A break-away peice of energy left over from Isaac may be the source of a new tropical system. Currently located in the extreme northern Gulf of Mexico near Pensacola, Florida, this low pressure center may drift southwestward for the next 24 hours. The NHC currently has this storm assigned a 40% risk of developing into a tropical system within the next 48 hours.
I included the 850 millibar pressure lines here as well, which can clearly demonstrate the center of low pressure near Pensacola, FL. Most of the convection associated with this system is well to the southwest, so I do not anticipate any rapid strengthening or other imminent tropical developments just yet.
This low pressure did come from what was left over of Isaac a few days ago, but if this system did develop into a tropical system it would be given a new name. The National Hurricane Center provided a very detailed explanation why, which I will include below. In short, it is only a break-away piece of energy from Isaac, rather than the bulk of it’s energy. Thus it is designated as a new system, and would be given a new name should the time come.

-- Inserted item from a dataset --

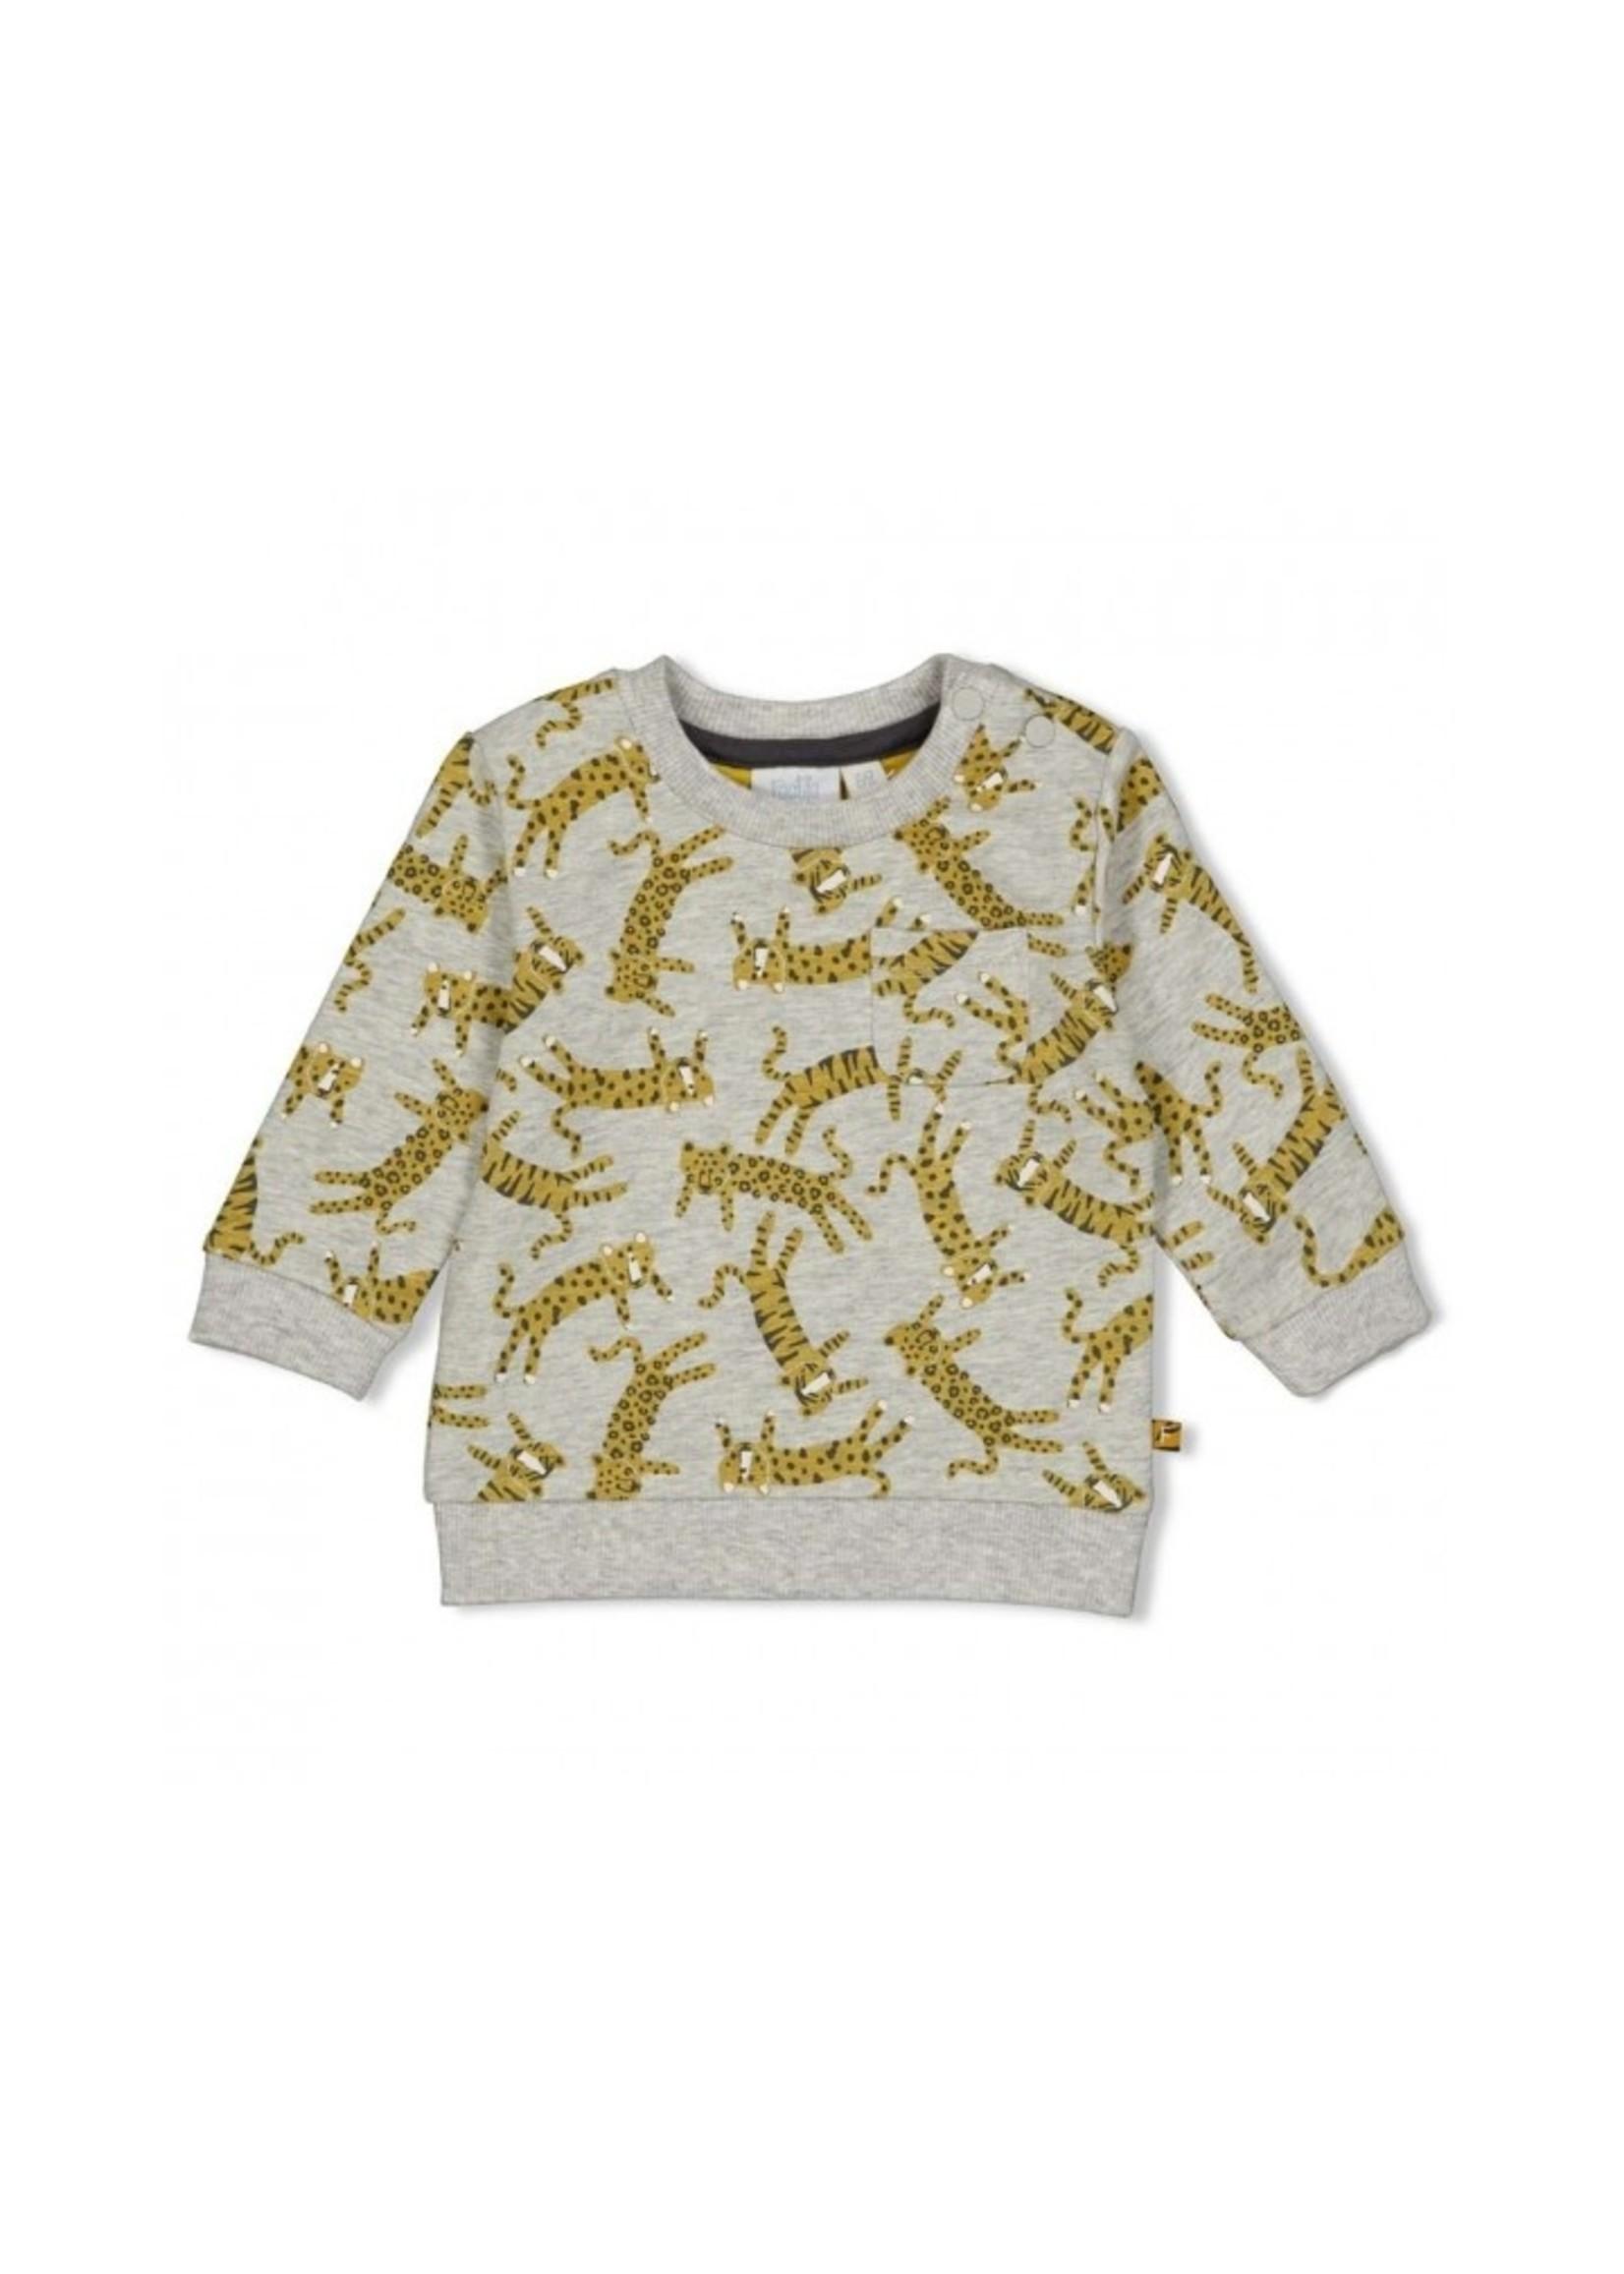 Feetje Sweater - Go Wild

There have been quite a few inquiries about whether the name “Isaac” would be given to the area of disturbed weather currently located along the northern coast of the Gulf of Mexico, if it were to develop into a tropical cyclone. The short answer is no, it would get a new name.
Our analysis of the satellite, surface, and lower-tropospheric radiosonde data suggested that the disturbance we’re currently following originated within Isaac’s broad circulation, but that it had its own surface pressure minimum distinct from Isaac’s. This was perhaps most apparent late in the day on Monday, when the residual surface center of Isaac was located over western Kentucky while a second weak low was located over northern Mississippi and Alabama. Isaac’s circulation continued to weaken after that and became difficult to track, while the new disturbance moved slowly toward the Gulf coast. So what basically happened here is that a little piece of Isaac broke away and moved south.
OK, now everybody get your lawyer and grammar hats on. The National Weather Service rule that applies here reads: “if the remnant of a tropical cyclone redevelops into a tropical cyclone, it is assigned its original number or name”.
Notice the rule says “the” remnant, and not “a” remnant. This means that the storm’s primary remnant (and not just any old part of it) has to re-develop in order for the name to be retained. Since the primary remnant of Isaac was still in Kentucky when the new low formed and broke away, the rule dictates that the new low is not entitled to the name Isaac.
This rule actually makes a lot of sense. If a storm died and each of two parts re-developed, we couldn’t give the same name to both parts. Only the primary remnant would retain the name, while a lesser remnant or part would get a new name.
As pictured above, tropical models generally expect this low to drift slowly southwestward, then reverse course and move ENE into the FL Panhandle or the big bend region of FL. Currently models only expect this to reach Tropical Storm strength at maximum, but like usual we need to keep a close eye on it.